In the 1980s, the US Department of Agriculture (USDA) began to develop dietary guidelines aimed at encouraging the consumption of a nutritionally balanced diet and simplifying meal planning.

The official guidelines classify foods into six groups, of which five are highlighted as the “Basic Five.” These five groups, which are recommended to form the basis of a healthy diet, include breads, cereals, and other grains ; vegetables; fruits; milk and dairy products; and poultry, fish, meat, eggs, legumes, nuts, and seeds .

The sixth group includes fats, sweets, and alcohol: all of these items provide additional calories but few useful nutrients and are recommended to be eaten sparingly because of their harmful effects on health .

The need for water

Fluids are also a vital element of every diet: a man’s body is about 60 percent water and a woman’s about 50 percent, and every cell needs water to function properly. To remain healthy, you need to drink at least six to eight large glasses of fluids, preferably water, every day, and more when it is hot or when you are perspiring such as during exercise .

Beneficial compounds

In recent years, scientists have extended their understanding of the link between nutrition and health: it is now clear that eating particular foods contributes to good health and prevents disease. Thousands of potentially beneficial compounds in foods have now been identified, including vitamins, minerals, antioxidants, fiber, and phytochemicals. The list of foods that may help protect your health continues to grow—from many different vegetables and fruits to red wine, flaxseeds, and oily fish.

Making good choices

Any food can fit into a healthy way of eating. The key is to balance your choices over time so that your overall diet is sound. You can continue to eat your favorite foods, even if they are high in fat, salt, or sugars, but try to reduce your portion sizes.

Making good choices in your diet starts with educating yourself on sound nutritional guidelines and incorporating that knowledge into your eating habits. For example, by eating a variety of nutrient-rich foods, enjoying plenty of whole grains, vegetables, and fruits, and eating regular meals with moderate portions, you can manage your weight and stay healthy.

The basic food groups

Each of the food groups shown here provides some of the nutrients you need. No group is more important than another: you need them all for good health.

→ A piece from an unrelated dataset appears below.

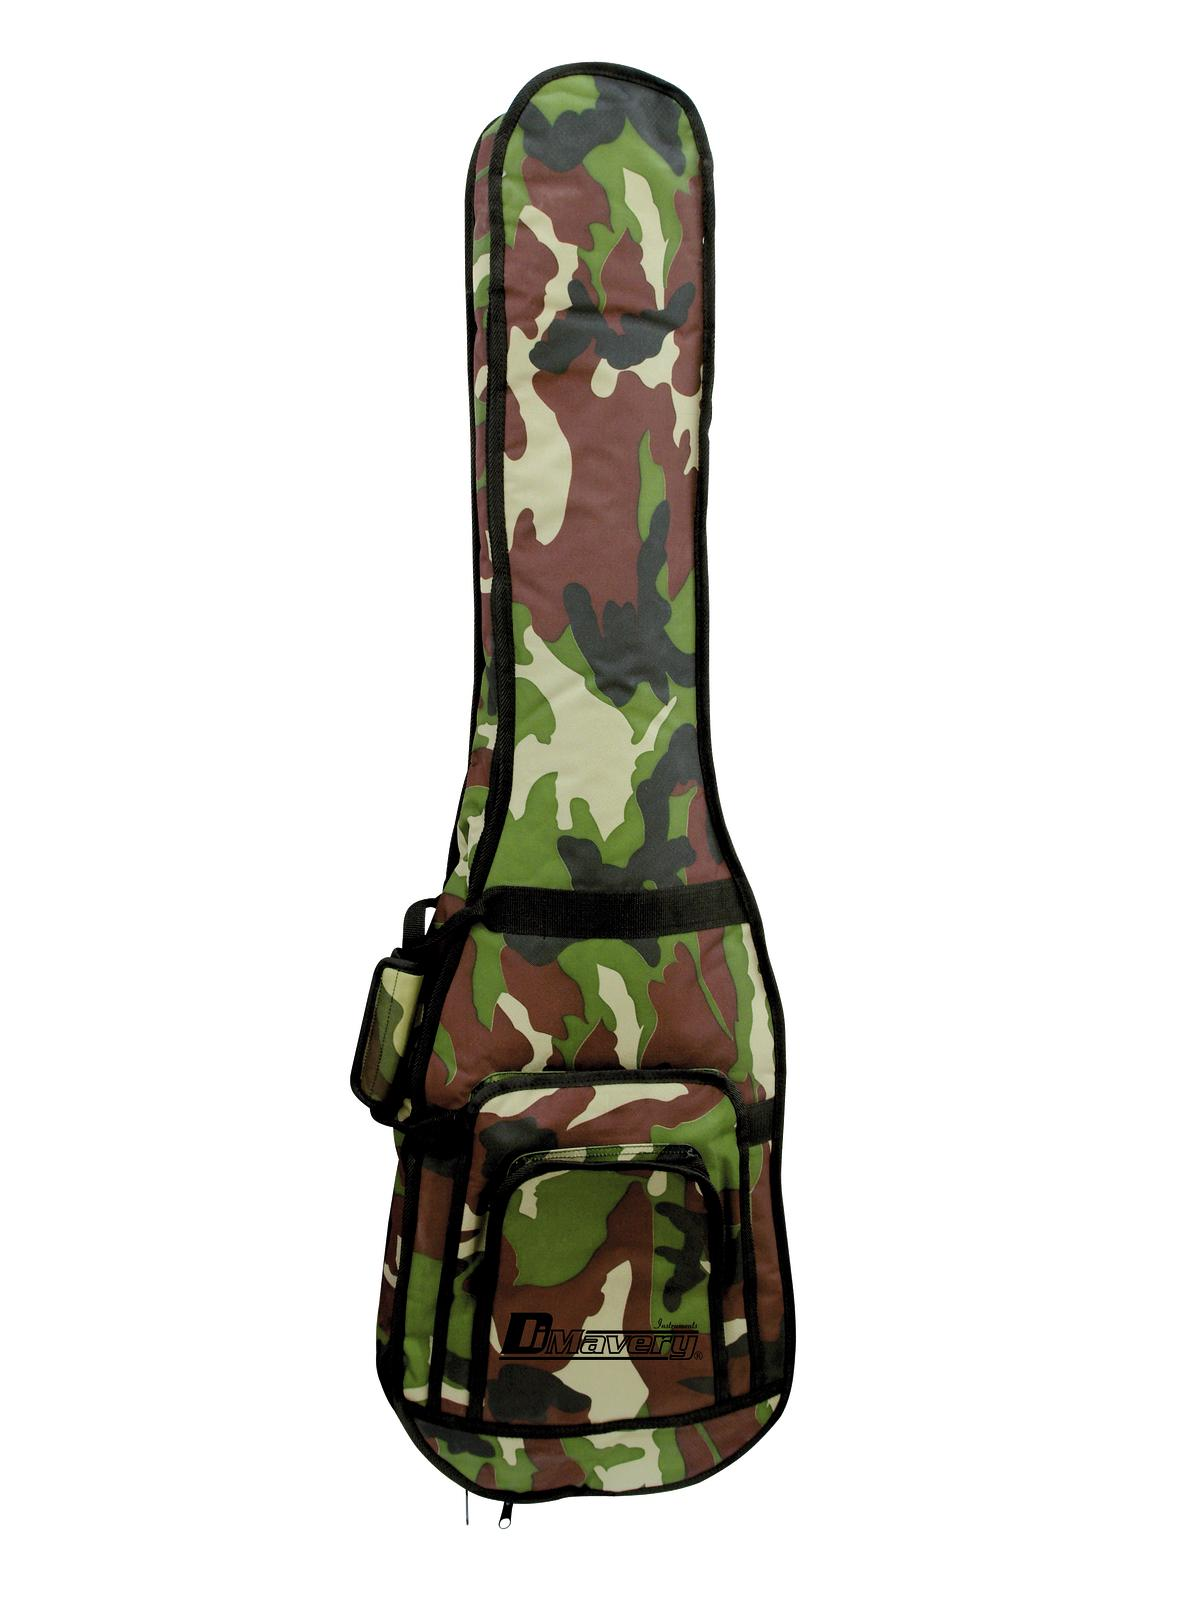 Borsa Custodia Bag per Basso in nylon con zip e tracolle BSB-200 DIMAVERY

Foods from grains, such as bread, are necessary for fiber, vitamins, minerals, and complex carbohydrates, which are an important source of energy for the body. Vegetables and fruits are needed for vitamins and minerals. Naturally low in fat, they are also a source of fiber. Dairy products and protein sources provide protein and a range of important vitamins and minerals. Milk and dairy products also provide calcium.

Fats, oils, and sweet foods contain calories and little else of nutritional value, so eat them sparingly.


Pure water is calorie-free, and the best drink to quench thirst. Your body cannot store water, so you must drink plenty of it to replenish losses and maintain healthy function of all your body cells. It is the most abundant substance in the body and is necessary for survival. In many areas of North America, tap water is perfectly healthy, but if you suspect that your water is contaminated, have it tested and consider investing in a good filter to ensure that it is safe.

Bottled water is convenient to carry, making it easier for you to drink your six to eight glasses a day. Sparkling, still, and flavored water are all excellent, but watch out for “enhanced” water, which can contain unnecessary calories. Check the labels on bottled water if you are controlling your sodium intake, as most bottled water does contain sodium.